Am nächsten Morgen geht's zum Taj Mahal. Nur leider ist von diesem schönen Gebäude nicht viel zu sehen, da draußen die reinste Suppenküche herrscht: Nebel! Schade! Trotzdem haben wir reichlich Spaß. Wie gewinnt man in Indien in kürzester Zeit die meisten Freunde? Man färbe sich die Haare pink. Und so wird Jana bald mehr fotografiert als das Taj Mahal, das man ja eh nicht sehen kann. Da ein Fußballmannschaft, da ein kleines Mädchen, das Jana in die Wange kneift und meint: So sweet! Viele fragen, ob das Janas Naturfarbe ist. Ja klar! Einfach herrlich! Und während wir uns auf den Rückweg machen verzieht sich der Nebel ein wenig, so dass wir doch noch einen Blick erhaschen können. Unser Fahrer wartet schon ungeduldig. Nein, Frühstück gibt's noch nicht. Erst noch einen anderen Laden ansehen. (grummel) Hier wird uns ebenfalls wirklich schön Handarbeiten mit indischer Stickerei gezeigt. Tolle Handtaschen und Schatullen! Aber wir kaufen wieder nichts. Ja toll, denken wir, dass alles bis Goa organisiert ist, aber wir fühlen uns in unserer Entscheidungsfreiheit mehr als eingeschränkt. Wir haben Hunger. Der Fahrer bringt uns noch mal zu dem Marmorladen. Nur zu einem Chai! Okay, wir diskutieren ja nicht mehr. Vor dem Laden essen wir erstmal Frühstück. Das es dazu Tee gibt, freut uns natürlich. Auch dieses Mal kaufen wir nichts. Enttäuscht bringt uns unser Fahrer zum Zug. Wir bekommen unsere Tickets und der Fahrer möchte zum Abschluss noch ein Trinkgeld haben, das nicht von schlechten Eltern ist. Da ist bei uns dann aber endgültig Schluss. Er macht ein auf Tränendrüse. Er sei so arm und würde von dem Tourismusbüro kein Geld kriegen. Er kriegt von uns lediglich ein kleines Trinkgeld, von dem er sichtlich enttäuscht ist und bettelt weiter. Keine Chance. Der Fahrer ist inklusive der 155 Euro. Wir haben die Nase voll, dass jeder hier unsere Kohle haben will. Andauernd rumgereicht werden: ‚Ach hier, lieber Tourist, können Sie auch noch etwas Geld lassen.' Wir sind froh endlich im Zug zu sitzen und diese Aktion endlich hinter uns zu haben. Wir freuen uns auf unsere wieder gewonnene Unabhängigkeit. Nie wieder gehen wir in ein indisches Tourismusbüro!
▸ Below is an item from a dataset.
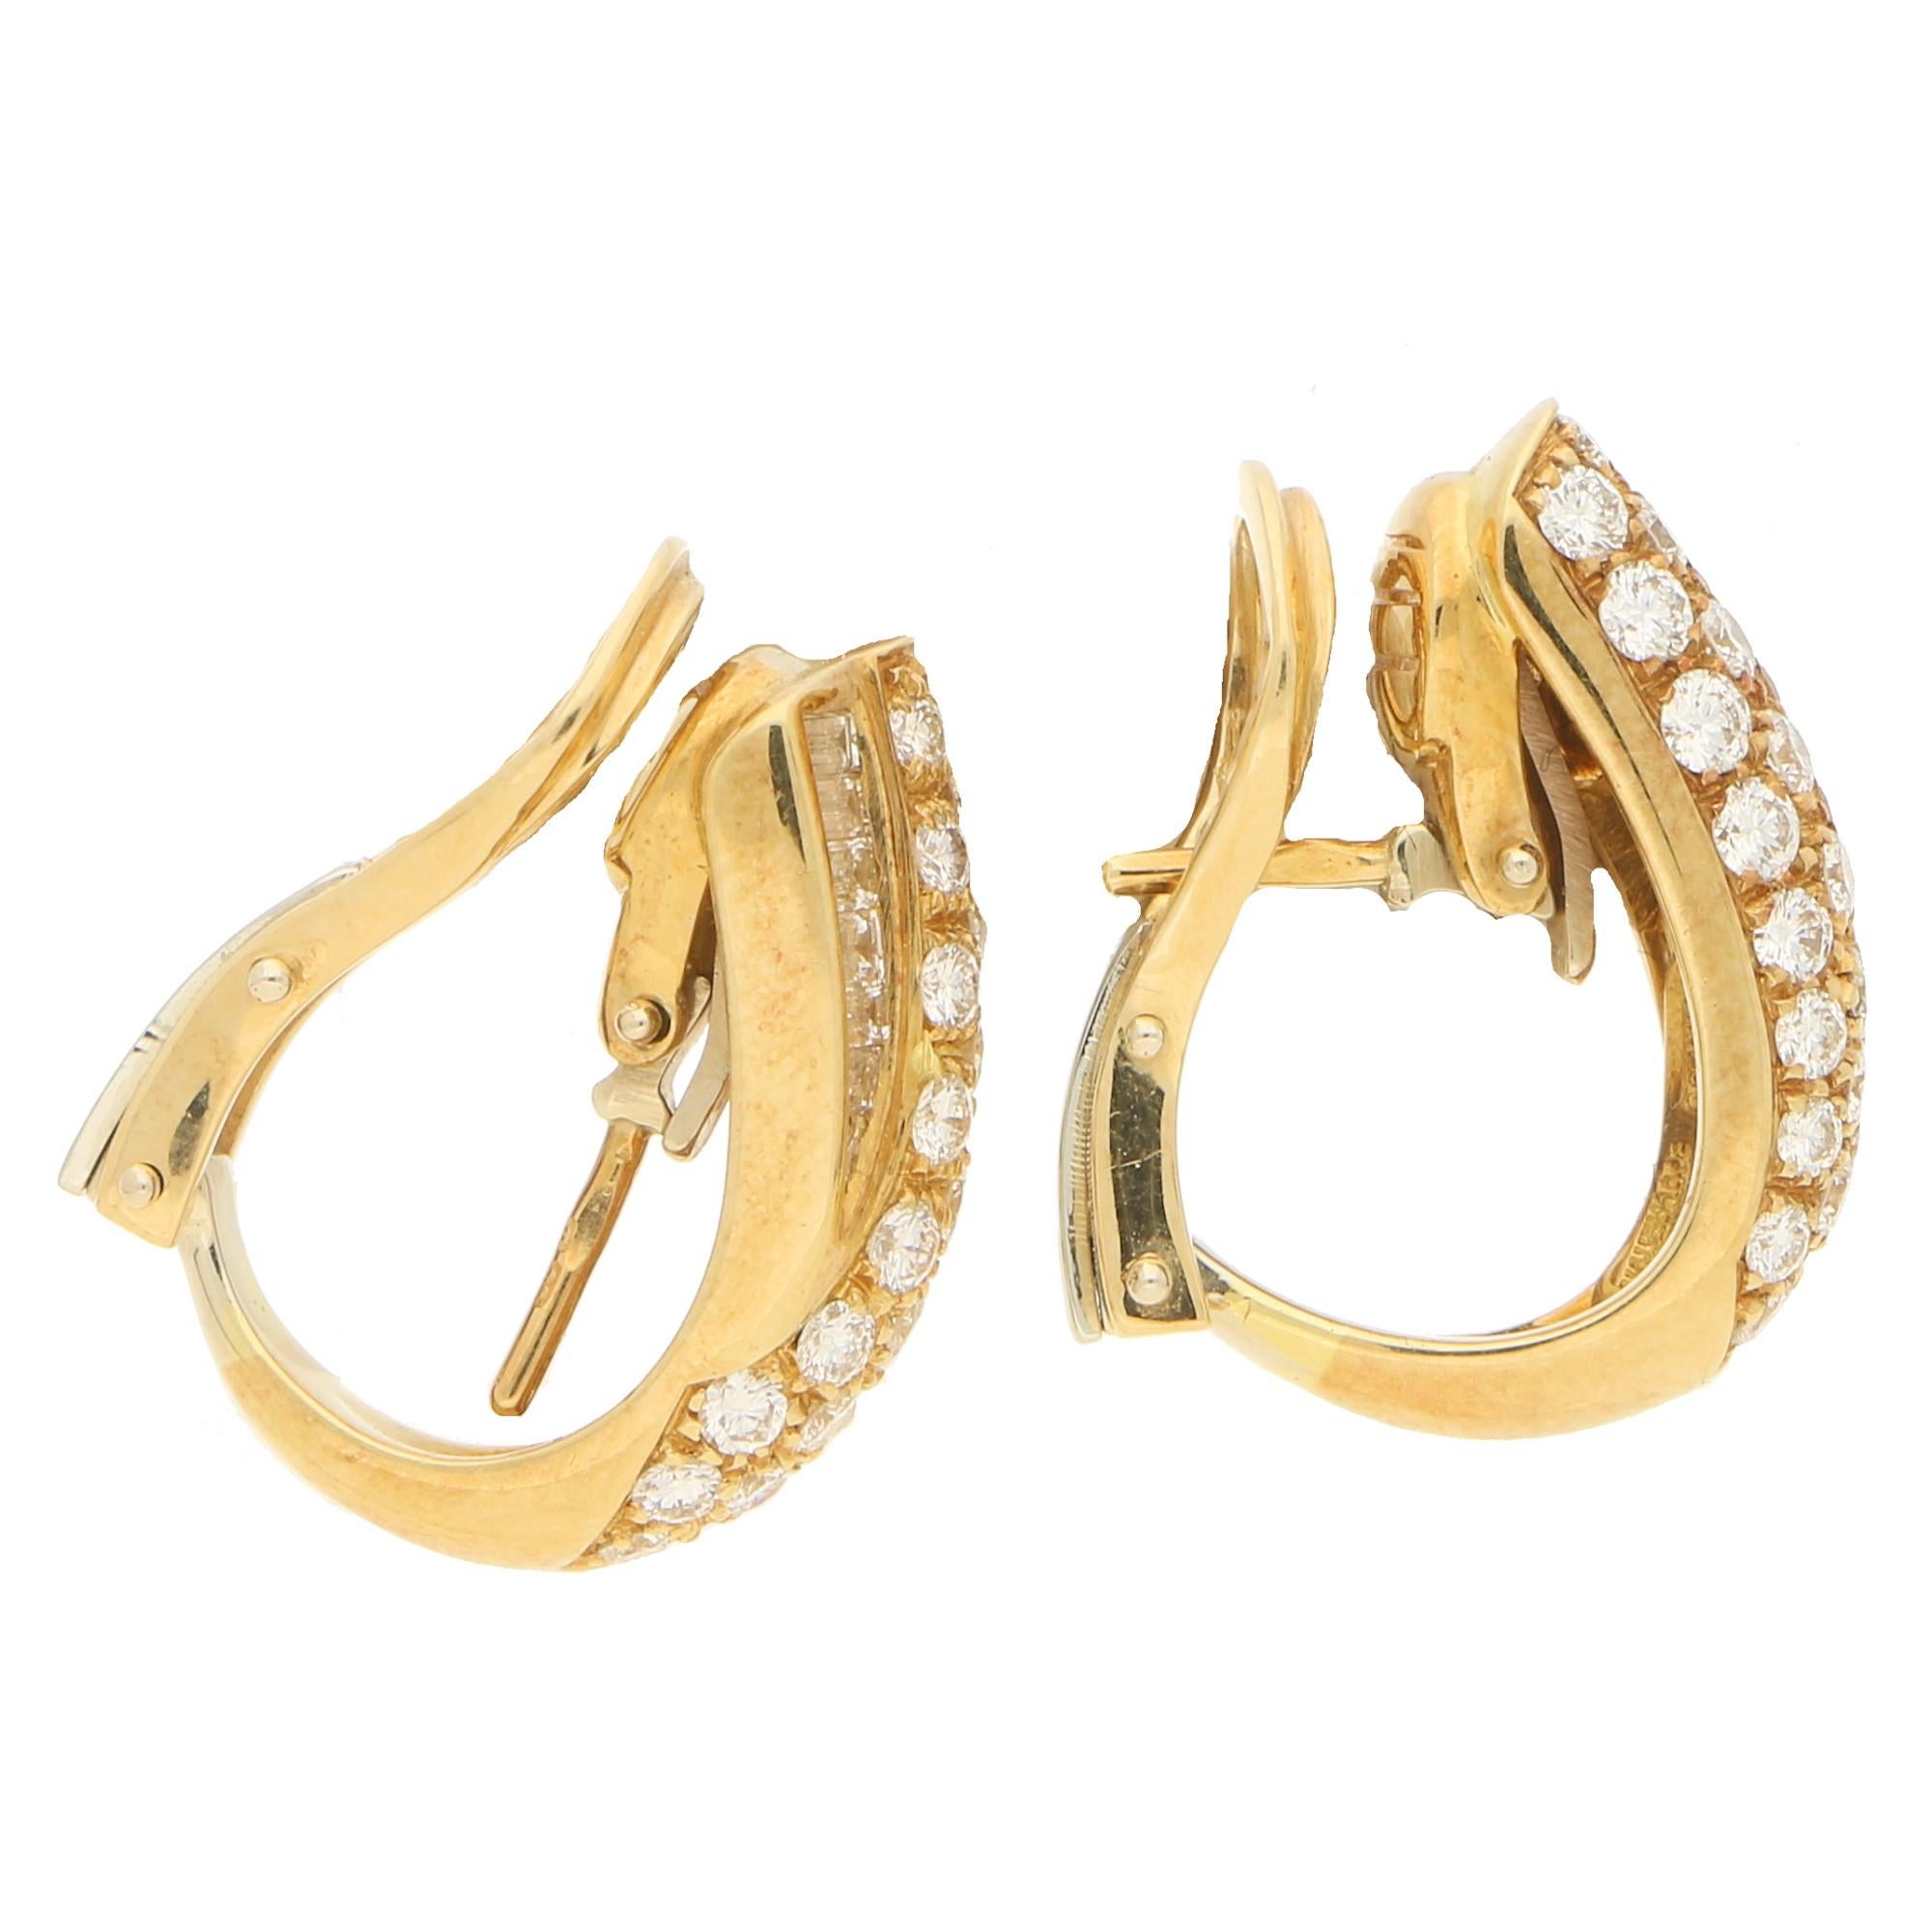 Baguette Cut Boucheron Diamond Clip-On Earrings in 18ct Yellow Gold 1.00ct

Während wir noch am Bahnhof auf unseren Zug warten, bekommen wir das erste Mal die Armut in Indien zu spüren. Bettelnde Kinder und alte Leute. Es ist schwierig mit dieser neuen Situation umzugehen. Kleine Kinder, die Kunststückchen am Bahnsteig vorführen und dafür Geld einsammeln. Uns erschreckt es, den Kleinen macht es aber anscheinend Spaß. Nach 3 Stunden Verspätung kommt endlich unser Zug. Uns erwarten 33 Stunden Zugfahrt (Schlafwagen) mit Fenster, durch die man nicht durchgucken kann. Trotzdem wird es ziemlich lustig. Im Zug kann man Essen bestellen. Wir probieren es einmal aus: So scharf, dass uns der Schweiß aus den Poren rinnt. Harry würde es lieben. Andauernd kommen Tee- und Kaffeeverkäufer vorbei. An jeder Station steigen kurzzeitig Händler ein, die die komischsten Sachen verkaufen. Mit den beiden Mädchen, die neben uns sitzen spielen wir Karten und Rummikub. Mit unseren indischen Nachbarn reden wir viel und so lernen wir schon viel von indischen Geflogenheiten kennen. Die Zeit vergeht schnell. Sonntag Nacht kommen wir in Goa an. Wir freuen uns auf eine schöne heiße Weihnachtszeit.